Exercise: Return the lines from the line containing "ITS ME AGAIN" onward. Each must match exactly, and the last line of the listing below must be included.

Data supplied:
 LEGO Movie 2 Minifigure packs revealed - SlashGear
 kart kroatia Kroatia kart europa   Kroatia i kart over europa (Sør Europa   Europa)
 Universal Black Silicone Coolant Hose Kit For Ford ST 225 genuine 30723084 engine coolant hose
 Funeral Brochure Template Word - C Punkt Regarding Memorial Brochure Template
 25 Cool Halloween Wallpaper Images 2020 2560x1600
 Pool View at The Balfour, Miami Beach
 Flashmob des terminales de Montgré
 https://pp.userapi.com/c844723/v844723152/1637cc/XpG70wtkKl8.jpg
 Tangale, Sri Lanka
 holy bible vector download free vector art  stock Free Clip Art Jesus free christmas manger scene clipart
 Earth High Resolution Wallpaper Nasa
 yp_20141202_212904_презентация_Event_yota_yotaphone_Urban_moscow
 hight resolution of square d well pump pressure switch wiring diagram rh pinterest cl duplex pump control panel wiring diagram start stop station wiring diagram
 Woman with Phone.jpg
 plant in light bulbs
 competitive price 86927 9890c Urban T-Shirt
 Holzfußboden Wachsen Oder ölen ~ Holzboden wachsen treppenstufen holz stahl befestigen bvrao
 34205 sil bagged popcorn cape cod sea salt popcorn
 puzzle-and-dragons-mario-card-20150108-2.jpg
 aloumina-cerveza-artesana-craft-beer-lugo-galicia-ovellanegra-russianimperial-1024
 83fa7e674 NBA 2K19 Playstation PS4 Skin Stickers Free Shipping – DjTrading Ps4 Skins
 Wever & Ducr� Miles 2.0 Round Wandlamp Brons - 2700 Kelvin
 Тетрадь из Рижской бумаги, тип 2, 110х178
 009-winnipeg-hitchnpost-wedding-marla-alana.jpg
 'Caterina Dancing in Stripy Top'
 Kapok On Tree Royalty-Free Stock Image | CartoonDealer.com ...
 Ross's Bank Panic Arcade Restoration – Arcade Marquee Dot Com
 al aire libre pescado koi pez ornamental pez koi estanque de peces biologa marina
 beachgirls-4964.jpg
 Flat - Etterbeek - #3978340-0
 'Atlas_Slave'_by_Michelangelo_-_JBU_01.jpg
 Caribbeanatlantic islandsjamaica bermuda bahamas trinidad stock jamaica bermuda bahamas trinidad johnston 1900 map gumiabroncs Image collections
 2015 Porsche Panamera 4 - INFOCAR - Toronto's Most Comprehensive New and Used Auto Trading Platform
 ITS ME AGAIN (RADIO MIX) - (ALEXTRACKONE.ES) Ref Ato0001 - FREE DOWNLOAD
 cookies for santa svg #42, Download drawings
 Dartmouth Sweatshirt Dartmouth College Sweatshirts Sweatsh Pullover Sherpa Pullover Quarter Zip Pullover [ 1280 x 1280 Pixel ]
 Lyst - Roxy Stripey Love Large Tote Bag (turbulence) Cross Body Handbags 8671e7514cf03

Written response:
 ITS ME AGAIN (RADIO MIX) - (ALEXTRACKONE.ES) Ref Ato0001 - FREE DOWNLOAD
 cookies for santa svg #42, Download drawings
 Dartmouth Sweatshirt Dartmouth College Sweatshirts Sweatsh Pullover Sherpa Pullover Quarter Zip Pullover [ 1280 x 1280 Pixel ]
 Lyst - Roxy Stripey Love Large Tote Bag (turbulence) Cross Body Handbags 8671e7514cf03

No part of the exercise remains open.